I know right! Congrats to you too! Once I get him I'm going to take pics and vids and introduce you guys to the little fella. 
Thank God for Gu's


----------



## reptastic (Apr 4, 2011)

congrats on everyones new tegu, If all pans out i plan on ordering a female b/w from bobby, i Havnt decided on a name yet but im hoping to get a black nose.


----------



## turtlepunk (Apr 4, 2011)

WildlifeLover429 said:


> I know right! Congrats to you too! Once I get him I'm going to take pics and vids and introduce you guys to the little fella.
> Thank God for Gu's



ooohhh yeah definately!!!!
looks like theres gonna be tons of new pics and videos pouring in soon!!! wooo! looking forward to it!


----------



## WildlifeLover429 (Apr 4, 2011)

turtlepunk said:


> WildlifeLover429 said:
> 
> 
> > I know right! Congrats to you too! Once I get him I'm going to take pics and vids and introduce you guys to the little fella.
> ...



I'm looking forward to seeing everyone's babies aswell!


----------



## Strange_Evil (Apr 4, 2011)

I put my order down in late November 2010 for a Male B/W, i have a 75g and all my supplies the bulbs ,calcium supps,hides,water dish, everything else besides the substrate.

I even have aluminium foil to cover the screen top to keep in humidity and i just replaced the part of the mesh screen top where the MVB will be with chicken wire,to allow for more uvb. 

The name thing i am still trying to decide on. I am going to go with one of these 4 names, Grimmjow,Byaykuya,pain or sesshomaru (All anime related and characters are bad ass!). Not sure which one but it will hit me soon.

I have wanted a tegu for sooo long and now that the time is almost here i am so excited! The wait from November to june-july i am doing is nothing compared to how long i wanted a tegu. Ounce i get my tegu and new camera this site will be flooded with pictures lol and ofcourse i cannot wait to see all of you guys new baby gu's as well.


----------



## reptastic (Apr 4, 2011)

This is the second best time of the year(after the shipping out of the tegus lol) its exciting to who's getting what. Cant wait til the pics start rolling in!


----------



## Bubblz Calhoun (Apr 4, 2011)

_I was thinking of putting a deposit on a AA but,... I want what I had,.. at least one of his siblings from the original clutch. I would be ecstatic  if I found someone selling an '09 AA. 

On the other hand I'm thinking I should hold off until my God Tegu has her first clutch with Txrepgirl ._


----------



## frost (Apr 5, 2011)

i put down a deposit on a pair of black and whites.cant wait till i get em.


----------



## WildlifeLover429 (Apr 8, 2011)

The wait is killing me!!! But its sooo going to be worth it! My BF is deciding wether or not he wants to oder an All American for himself  I hope he does (I really want of those too).

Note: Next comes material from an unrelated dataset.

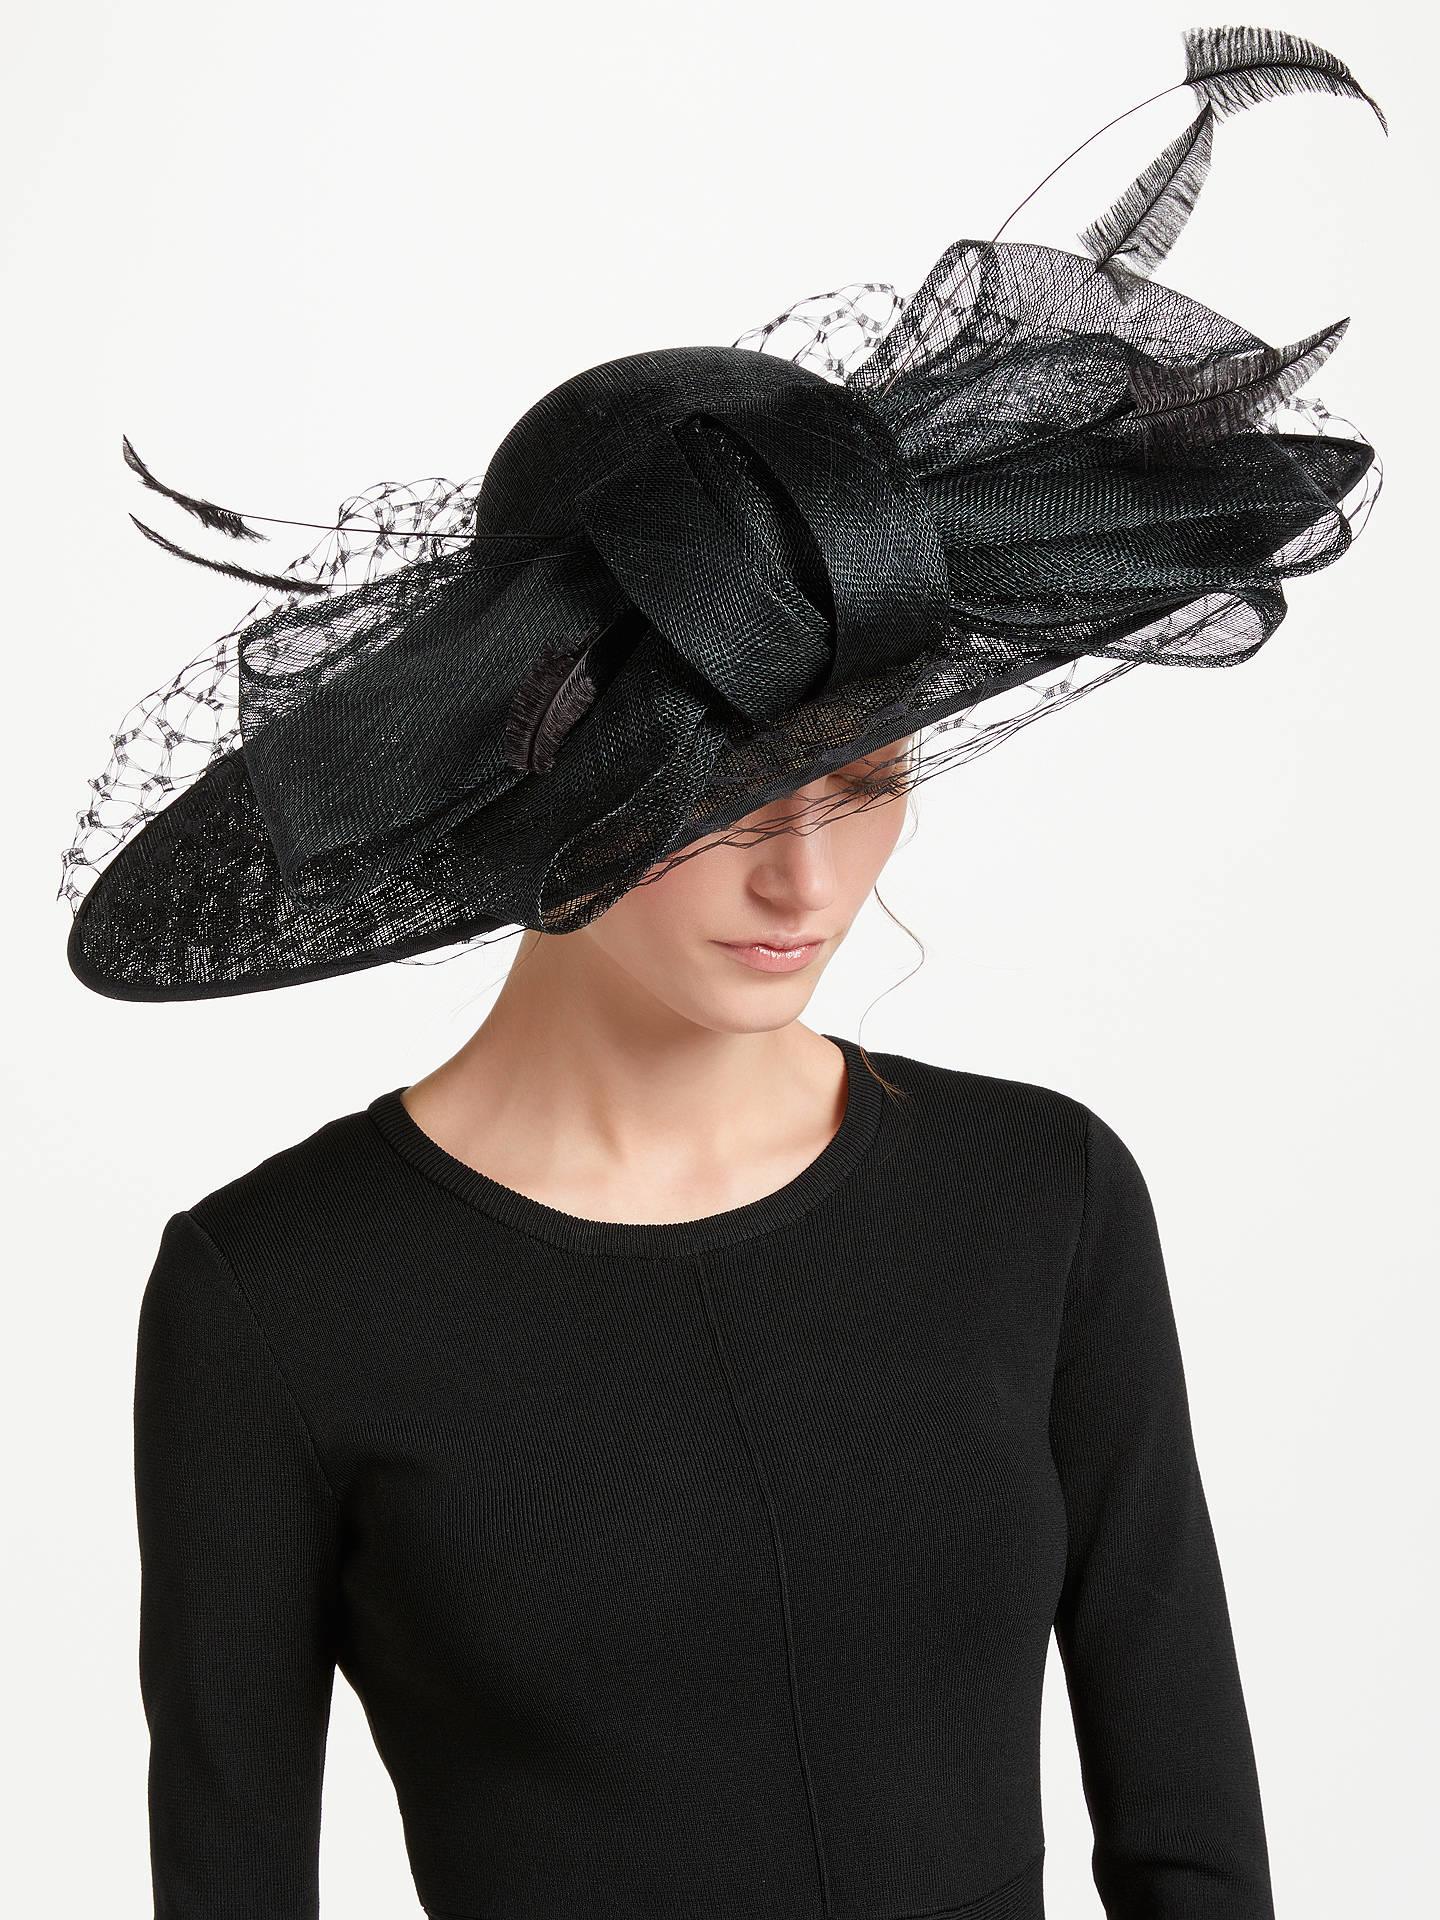 027d60efc6550 Buy Nigel Rayment Ada Large Veil Down Brim Occasion Hat
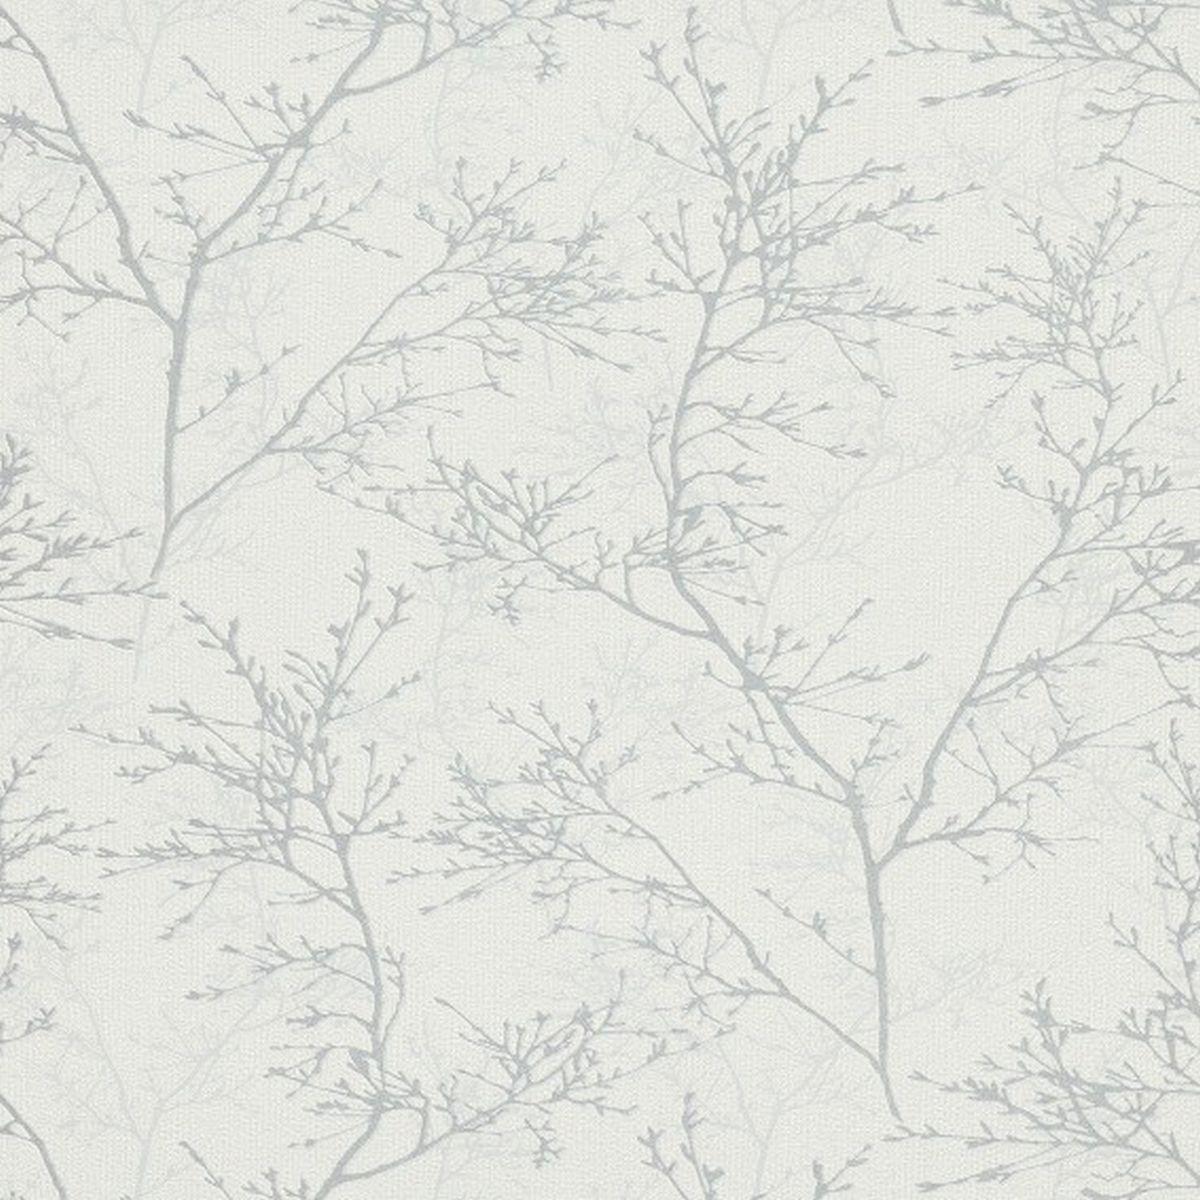 Erismann Vliestapete Kollektion Instawalls 543231 Blumen

Can you house an extreme and american together? will they have problem in the future (Male & Male or Male & Female?)


----------



## slideaboot (Apr 8, 2011)

turtlepunk said:


> hi! congrats on your new baby!!!!
> I ordered my first one from him last month! I CANNOT WAIT!! I put in a request for a male black and white.
> I plan to name him Spartacus. I am having a 4'x2' cage being built for him =)
> SUPER EXCITED!! JULY CANNOT COME SOON ENOUGH!! =D




You might wanna reconsider building that 4x2 and go with something bigger. That cage MIGHT last you a year. Of course, everybody's situations are different and you might have a plan for that. Just trying to save you an extra HUGE step. You're gonna be STOKED.


----------



## Rhetoric (Apr 9, 2011)

slideaboot said:


> turtlepunk said:
> 
> 
> > hi! congrats on your new baby!!!!
> ...



I agree completely. As slide stated, everyones situations are different. If possible I would definitely go with something a little bit larger. My tegu is about 3.5ft and about 10 months old. If it is a space issue you might want to consider doing something like having a bit more height so you can add some kind of platform or shelf later on to give your tegu some more floorspace.


----------



## AvaHal12 (Apr 9, 2011)

I order a B&W Tegu from Varnyard back in March 2011. I have looked at every website on tegus... twice!!! I have designed, on paper, my tegu's cage at least four times. I plan on starting to build the enclosure the second weekend in May. The only good thing about having so much time is shopping for sales online for supplies.


----------



## Strange_Evil (Apr 9, 2011)

AvaHal12 said:


> I plan on starting to build the enclosure the second weekend in May. The only good thing about having so much time is shopping for sales online for supplies.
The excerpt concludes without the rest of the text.